Start of INFORMATION SHOWN

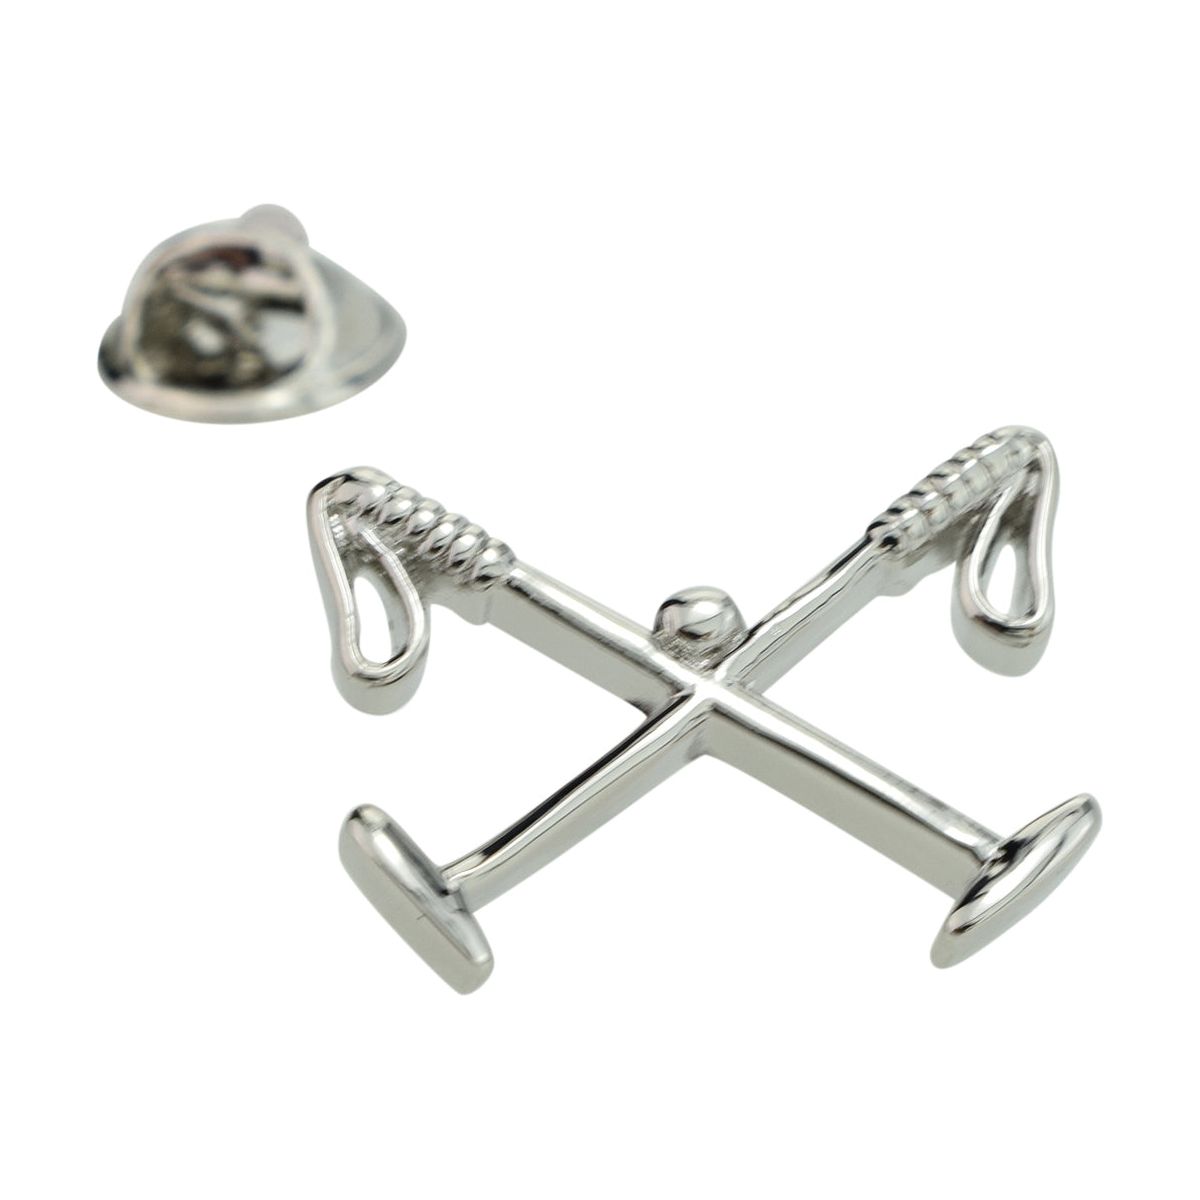 Crossed Polo Mallets Lapel Pin Badge - Ashton and Finch
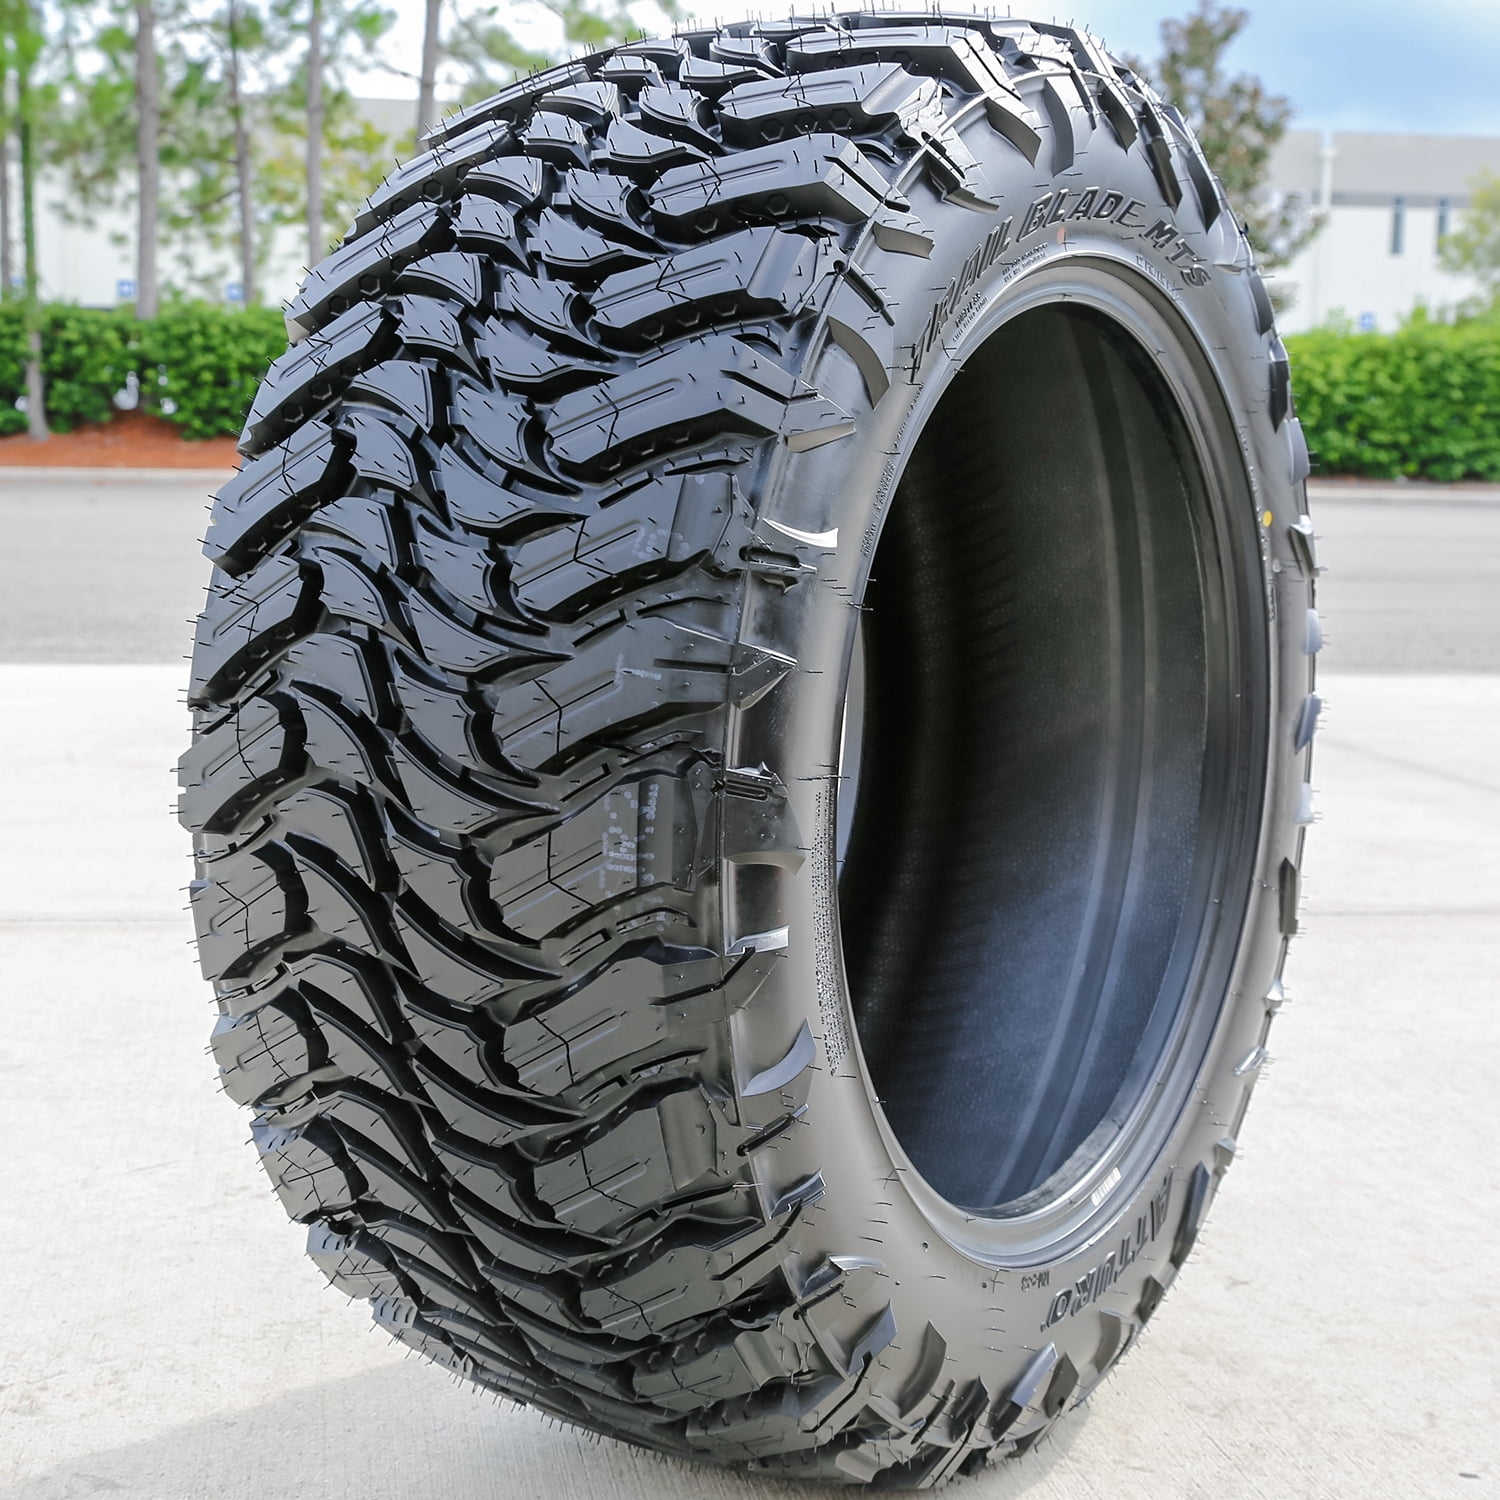 37x12.50R17 Toyo Open Country M/T 8 ply Mud Terrain Tires – Core
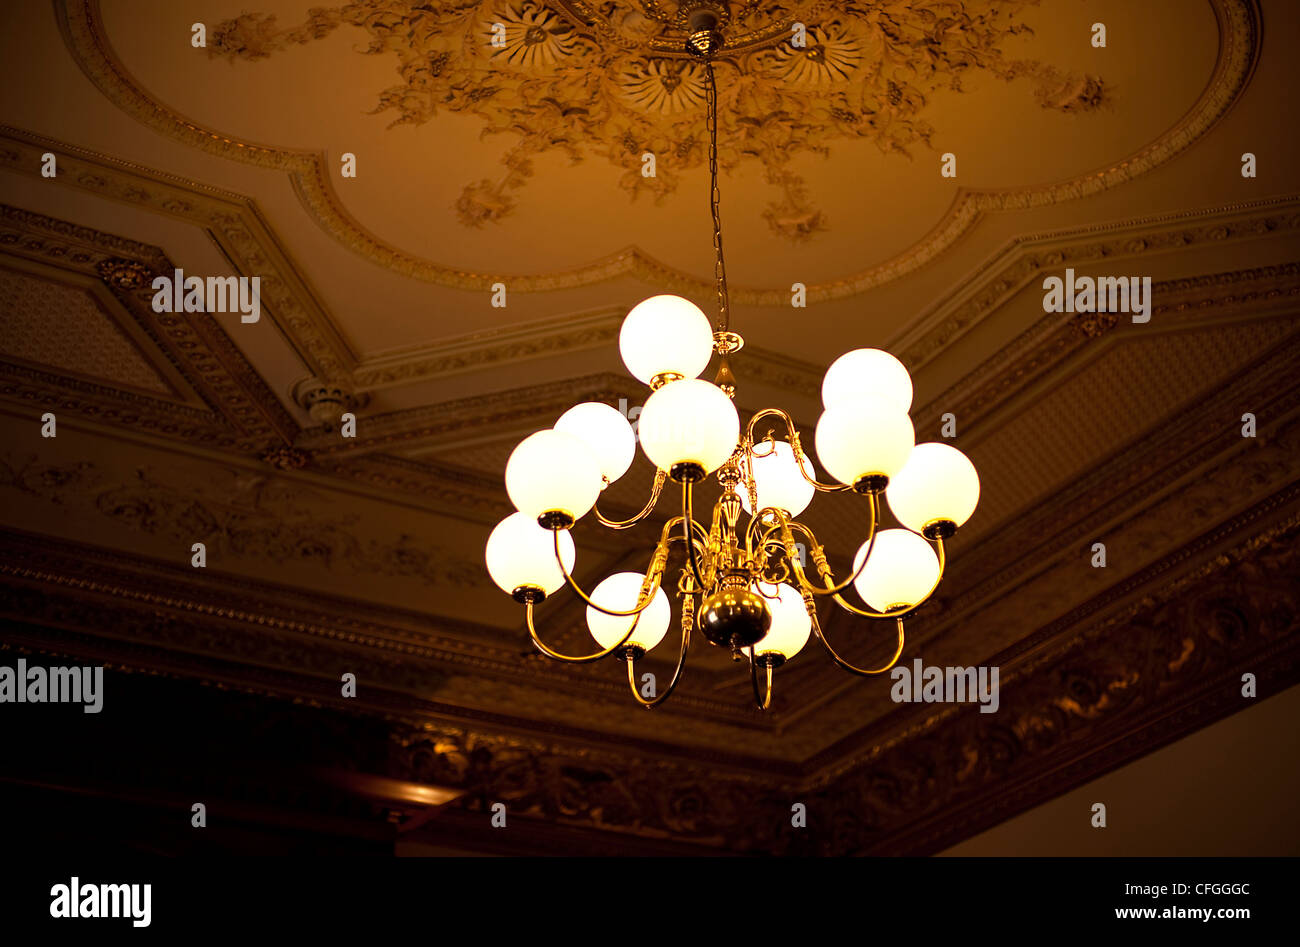 A glass domed light hangs from an ornately decorated ceiling at a registry hall. Stock Photo
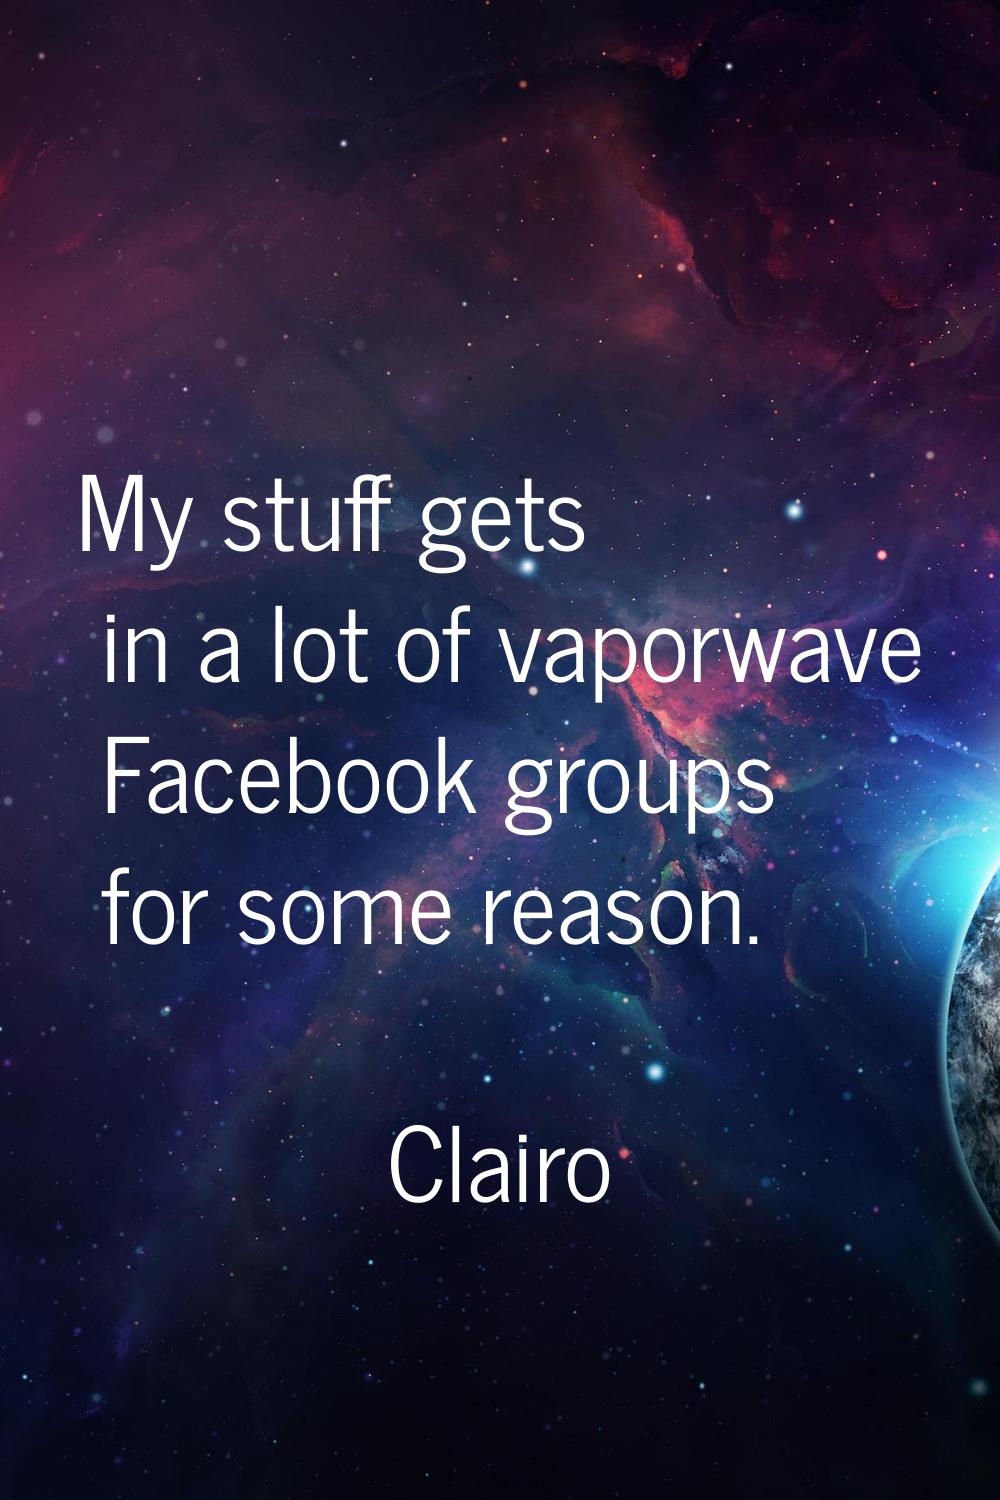 My stuff gets in a lot of vaporwave Facebook groups for some reason.

End of INFORMATION SHOWN

* ASSIGNMENT *
The whole listing above must be returned exactly as written, with no pictures carried over.

* EXERCISE ANSWER *
 Crossed Polo Mallets Lapel Pin Badge - Ashton and Finch
 37x12.50R17 Toyo Open Country M/T 8 ply Mud Terrain Tires – Core
 A glass domed light hangs from an ornately decorated ceiling at a registry hall. Stock Photo
 My stuff gets in a lot of vaporwave Facebook groups for some reason.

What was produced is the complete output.